New Project: Portable Light Meter using TSL2591

While Yichi is busy with his linear CCD project, I decided to start a small project (quite small when compared with Yichi’s CCD). This project will be a light meter for photography. I have a Mamiya 645 for medium format that does not have any metering to it. Right now I’m using a smart phone app that will get the reading from the camera. However, I’m just too lazy to grab my phone from my pocket – unlock the phone – open the app – take a snapshot and get the reading – finally dial that numbers into my camera.

The meter consists of a TSL 2591 light sensor, a 0.96” OLED display, an Arduino nano and four buttons, as shown below:

Crude bread board prototyping

Both the sensor and screen use IIC protocol to save up some wiring (still a mess). The sensor only returns lux value, and some log equations are needed to convert lux into EV (Exposure value) and then using the aperture number provided to calculate the shutter speed under certain ISO. Right now this is an aperture priority light meter, which will only take arbitrary aperture value and returns corresponding shutter speed for correct exposure.
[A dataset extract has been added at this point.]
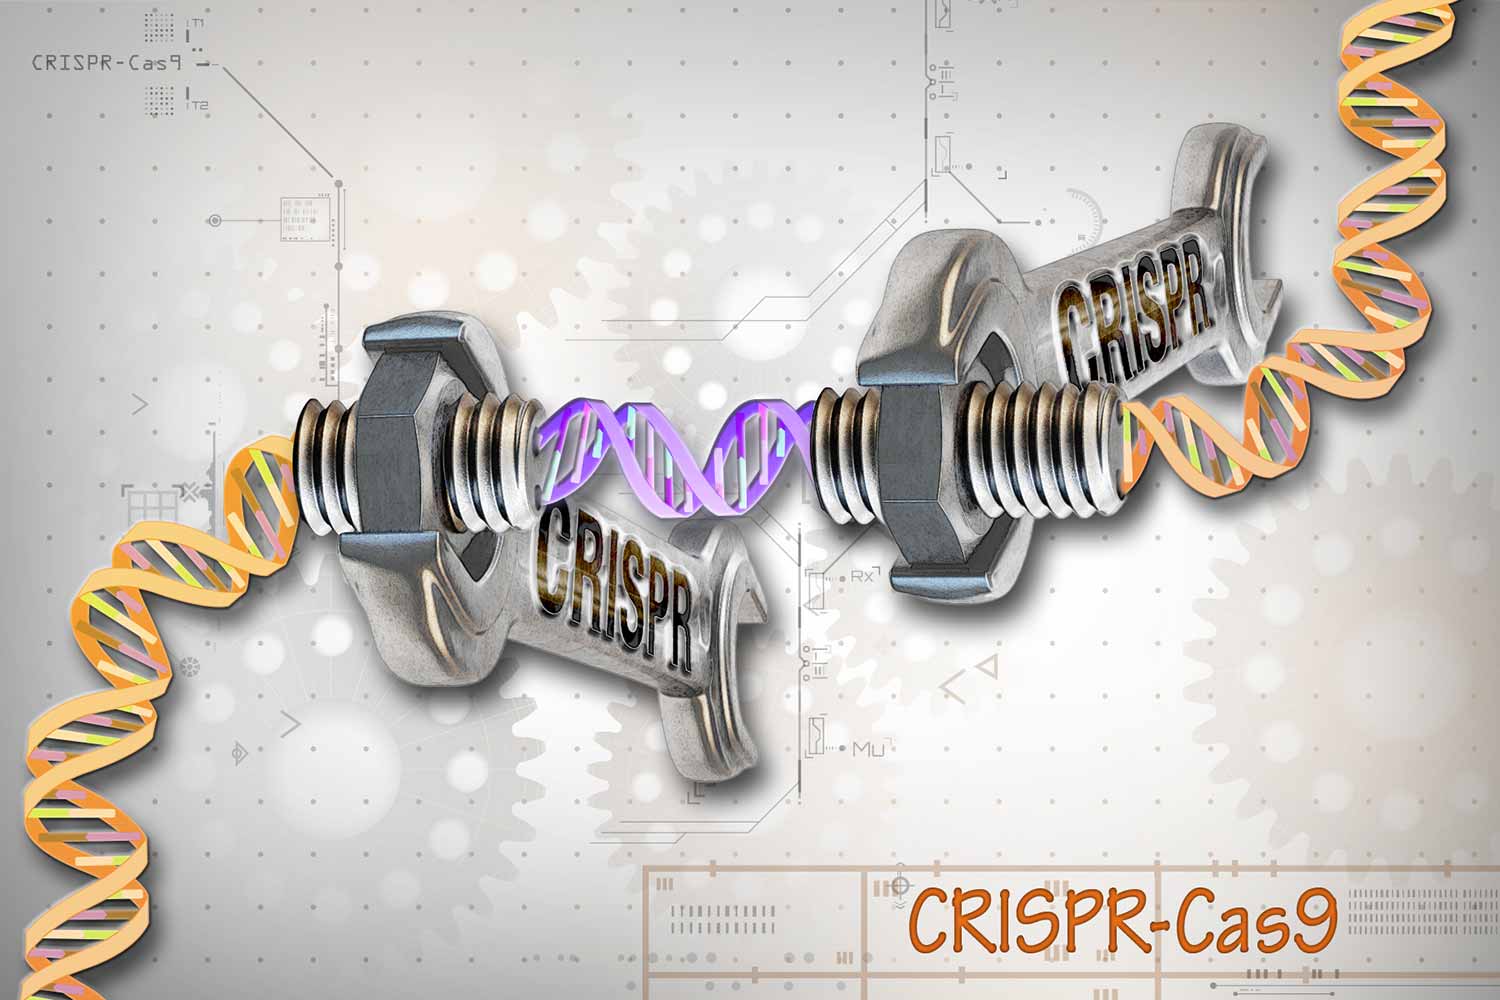 Image: CRISPR/Cas9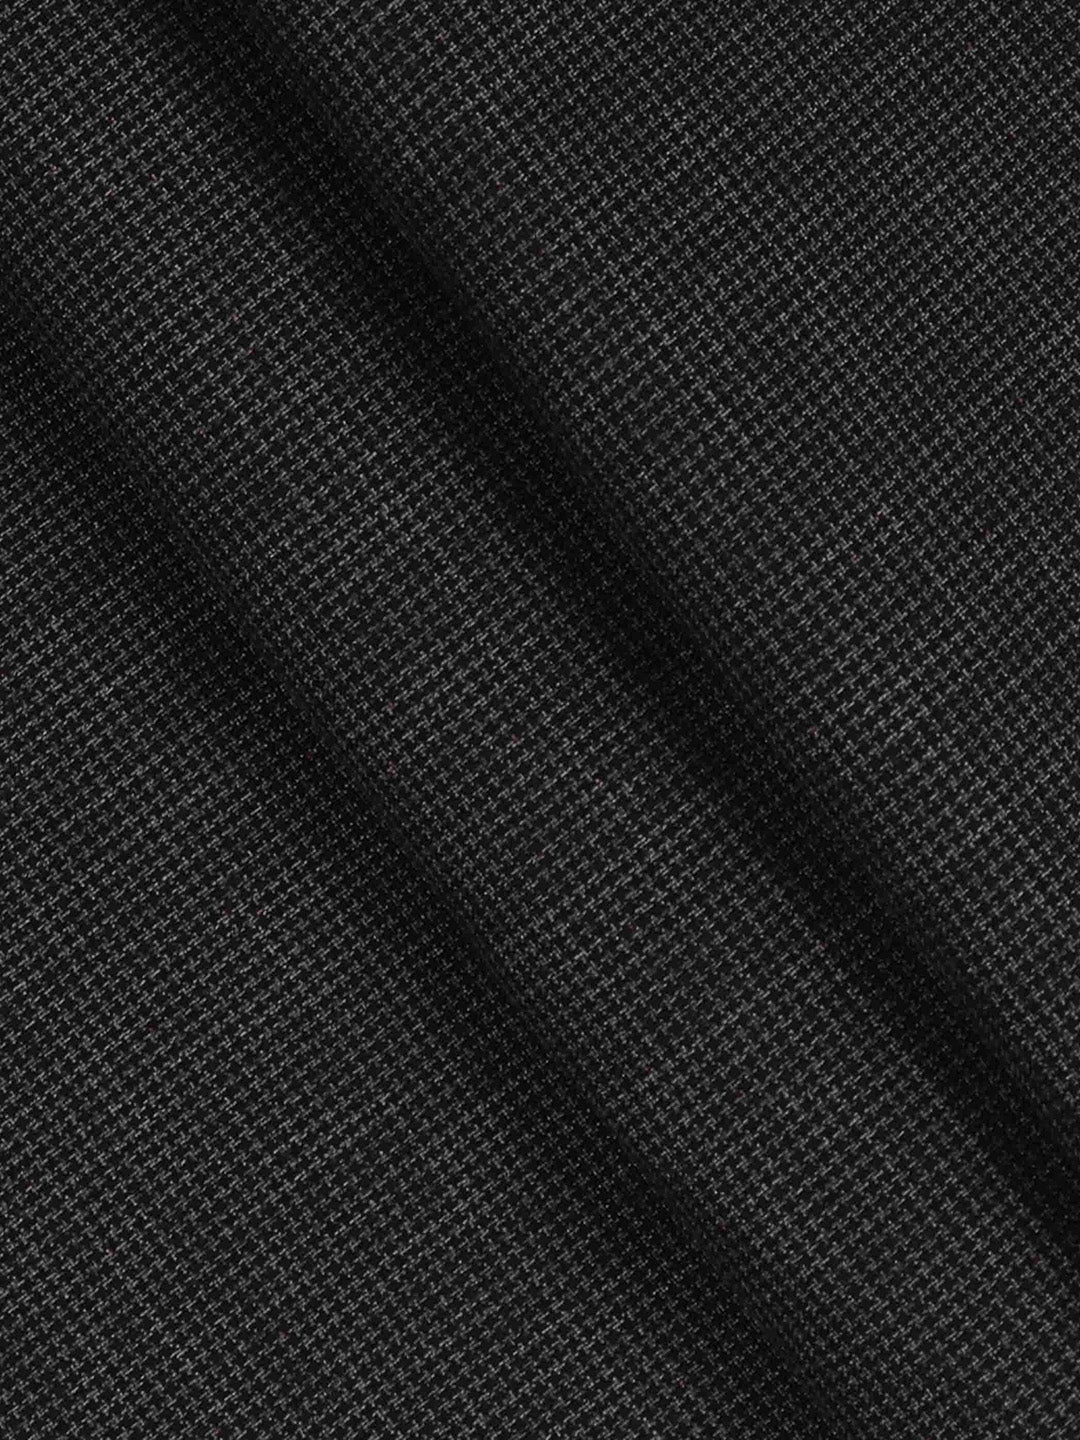 Premium Australian Merino Wool Blended Colour Checked Pants Fabric Dark Grey Mark Wool-Pattern view

Over the weekend, I added some features into the light meter: a main page and a configuration page. The sensor has three levels of gains and six different integration time (the longer the integration time is, the more accurate the reading will be). A simple auto gain is set up to adjust the sensor gain for weak light and bright light (when the sensor is out of range under current gain, it will return 0.0 lux and the program will detect that and crank down the gain). For integration time, I just leave it as 100ms – the shortest – and I can always change that in the configuration page. The new display looks like below:

Light meter in operation mode
In configuration mode

The Arduino code for this project is still a work in progress. I need to optimize the button response (interrupt rather than polling) as well as add more features (shutter priority and exposure compensation). Also I’m thinking about adding a thin tube directly above the sensor to make a spotmeter – which I need to experiment about the compensation and adjustment in this new mode when compared with a professional light meter. I will keep you updated.